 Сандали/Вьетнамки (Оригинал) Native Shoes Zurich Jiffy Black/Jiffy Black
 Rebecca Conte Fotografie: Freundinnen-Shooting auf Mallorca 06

- - - - - - -

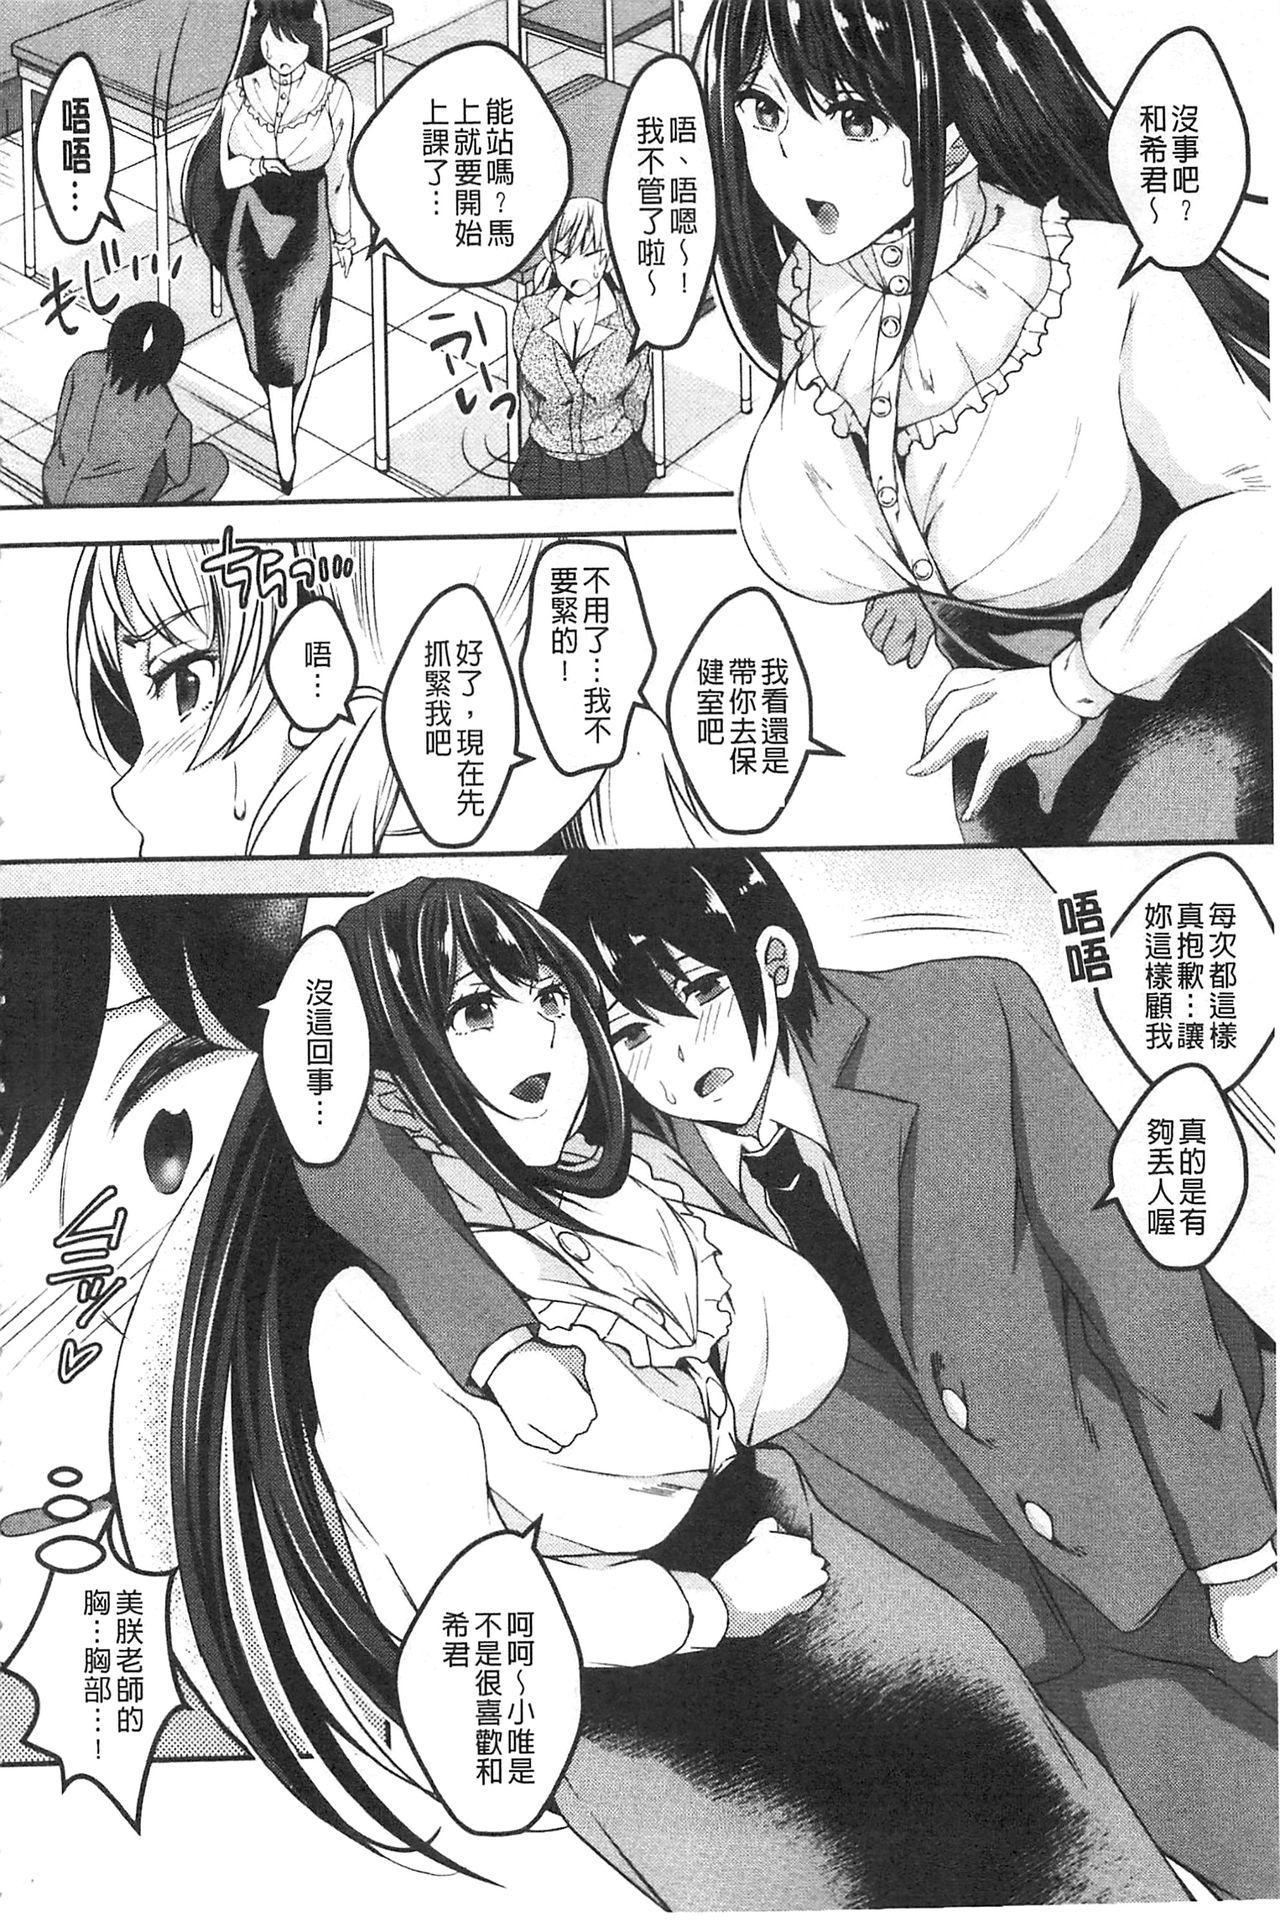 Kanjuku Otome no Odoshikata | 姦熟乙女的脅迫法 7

- - - - - - -

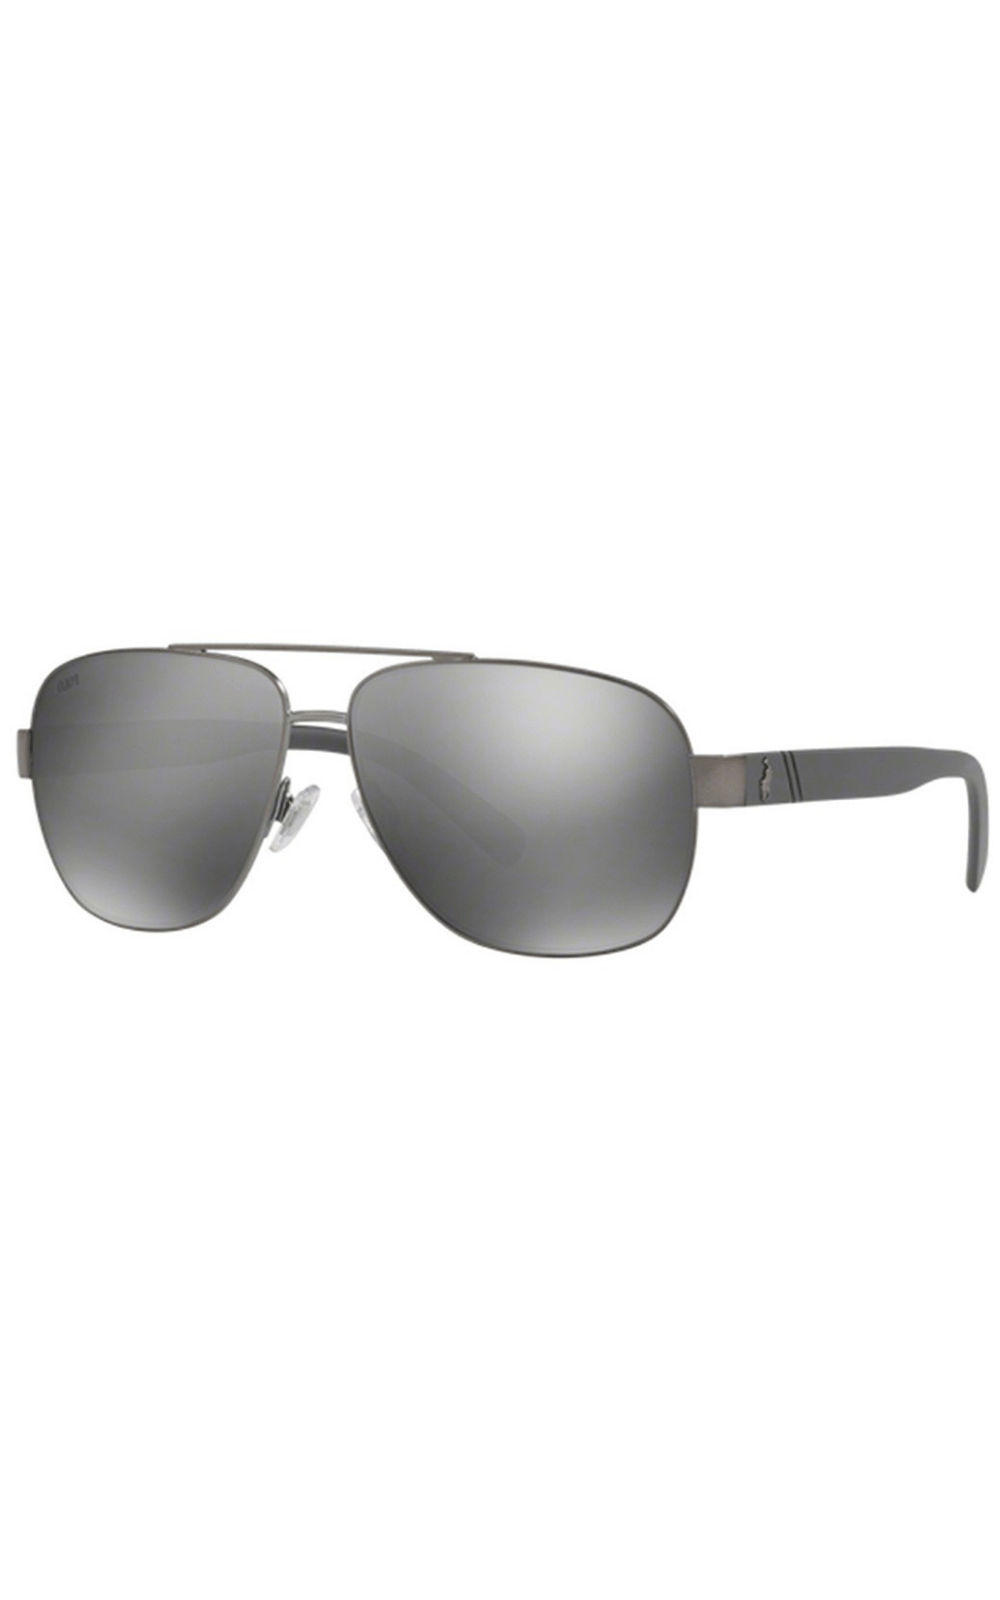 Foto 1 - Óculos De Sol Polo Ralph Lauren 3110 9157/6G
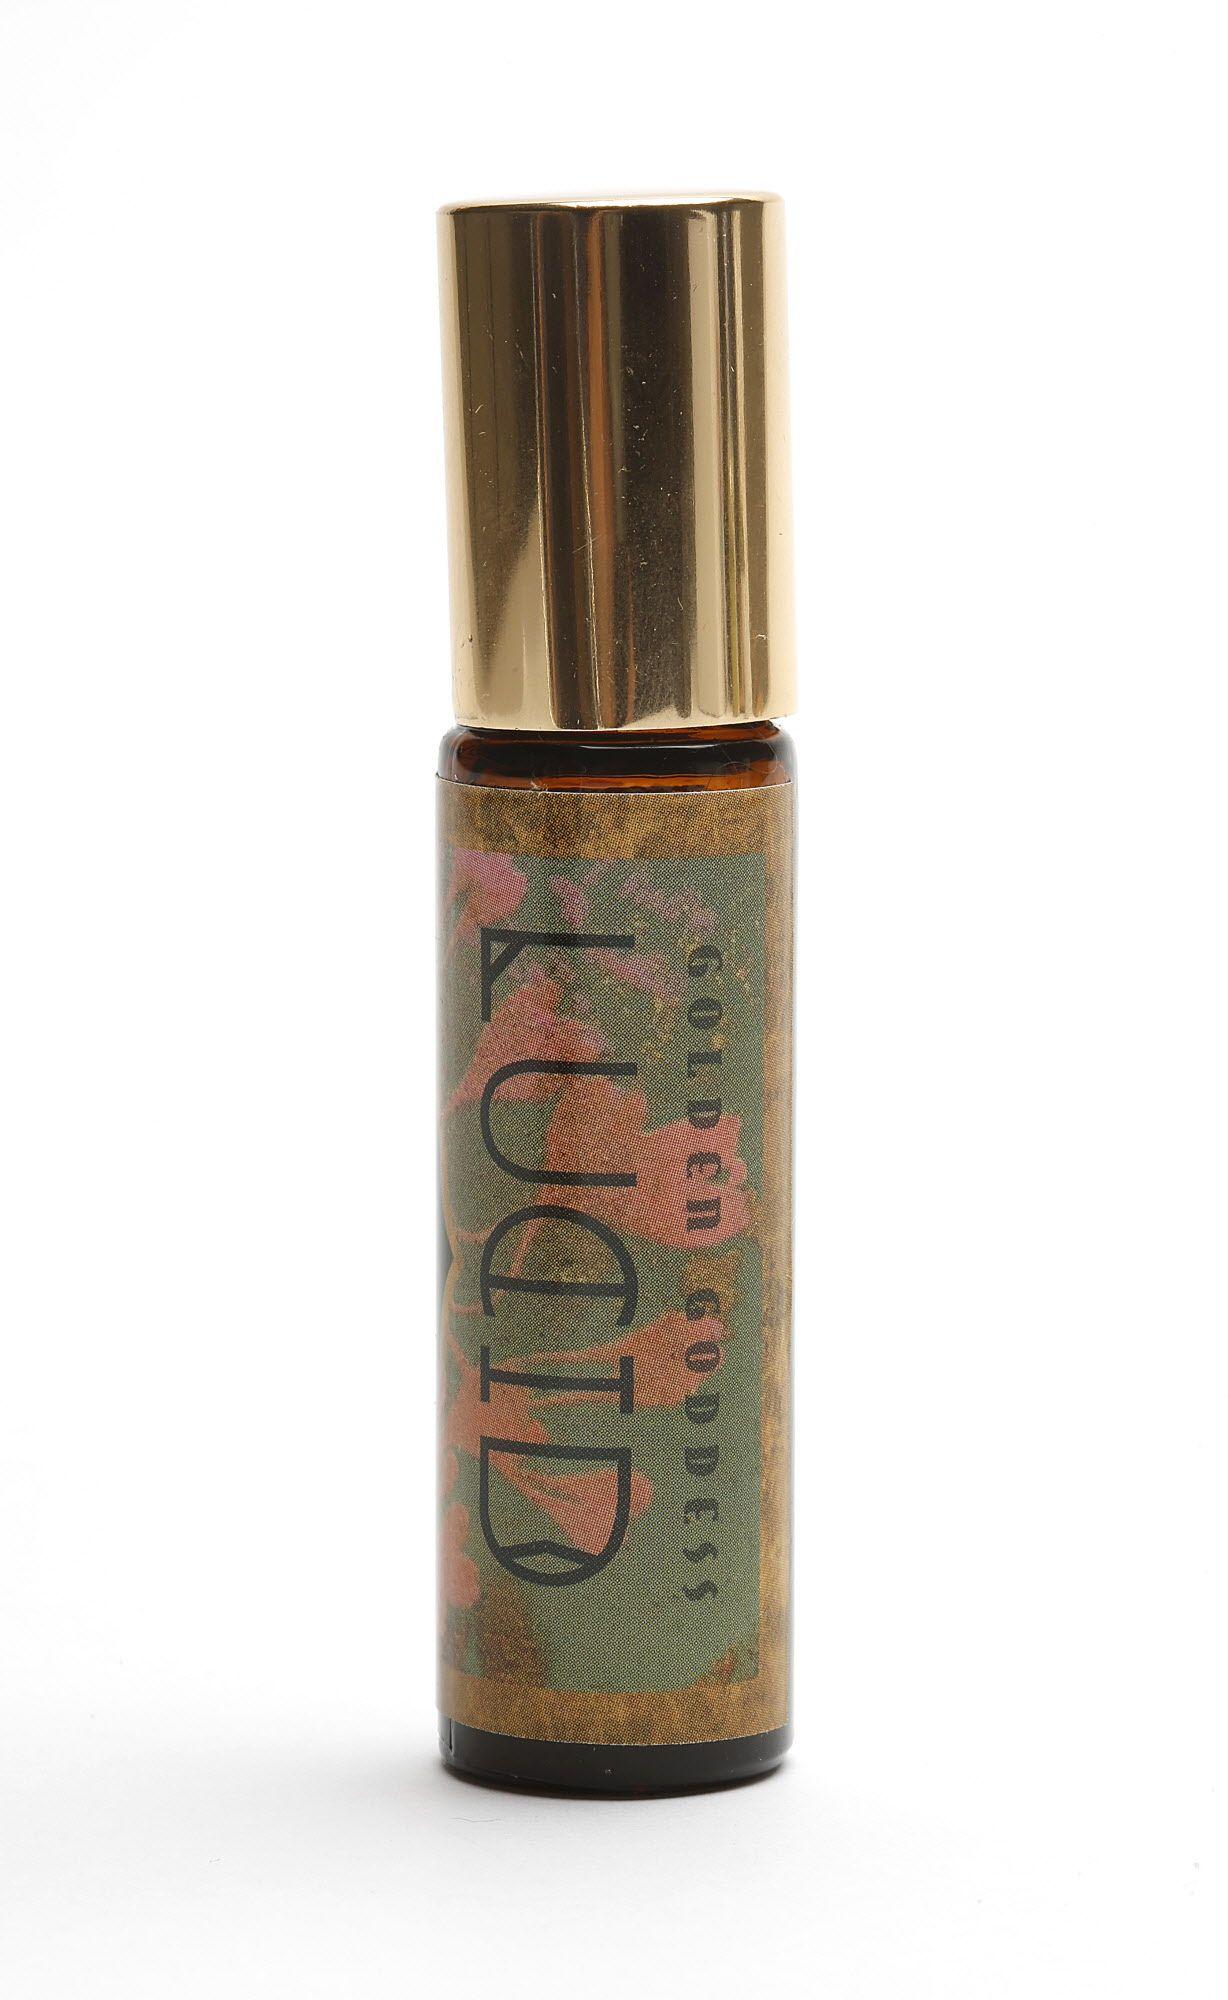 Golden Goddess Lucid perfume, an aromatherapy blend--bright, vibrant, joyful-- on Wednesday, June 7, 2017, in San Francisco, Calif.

- - - - - - -

◆ **WHAT THE TASK ASKS**
Return, word for word, the lines of the data above from the line with "Сандали/Вьетнамки (Оригинал) Native" through the line with "Rebecca Conte Fotografie: Freundinnen-Shooting", inclusive.

◆ **REPLY TO THE EXERCISE**
 Сандали/Вьетнамки (Оригинал) Native Shoes Zurich Jiffy Black/Jiffy Black
 Rebecca Conte Fotografie: Freundinnen-Shooting auf Mallorca 06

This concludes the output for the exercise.